══ Data to process

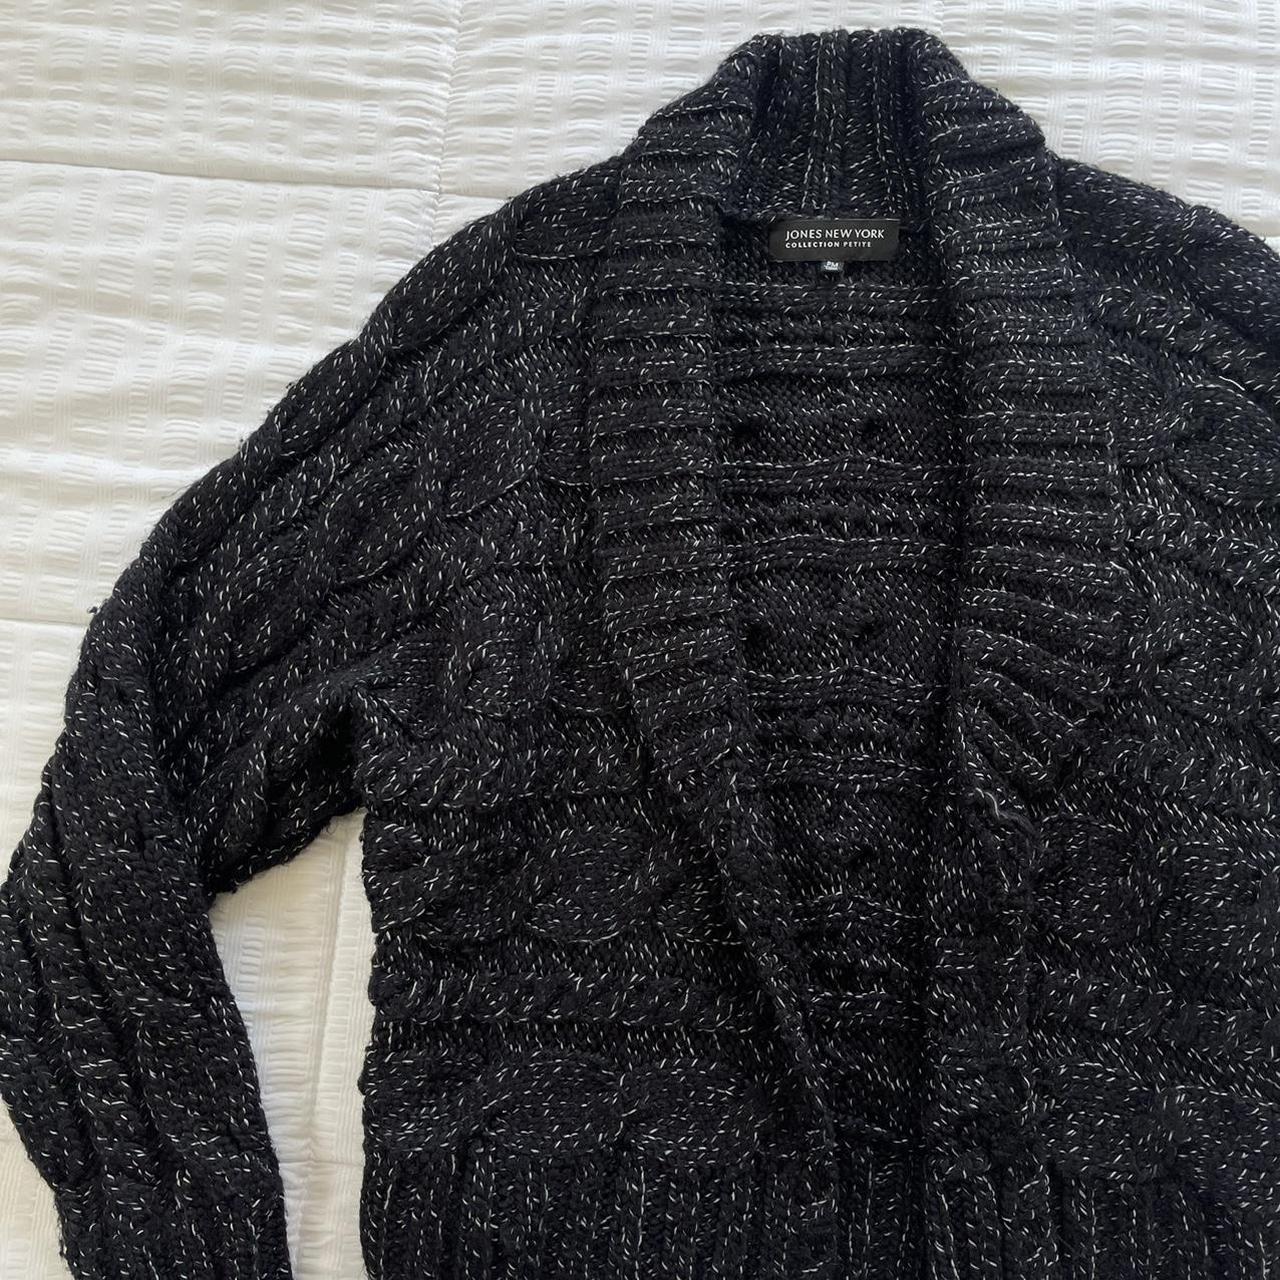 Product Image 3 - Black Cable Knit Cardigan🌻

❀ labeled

════
══ Data to process

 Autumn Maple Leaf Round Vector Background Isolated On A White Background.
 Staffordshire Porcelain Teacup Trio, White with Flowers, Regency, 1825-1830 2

════

#### [Work instructions]
Extract the lines of the preceding material that run from the line with "Autumn Maple Leaf" through the line with "Staffordshire Porcelain Teacup", inclusive, reproducing them exactly and adding nothing.

#### [Output of the exercise]
 Autumn Maple Leaf Round Vector Background Isolated On A White Background.
 Staffordshire Porcelain Teacup Trio, White with Flowers, Regency, 1825-1830 2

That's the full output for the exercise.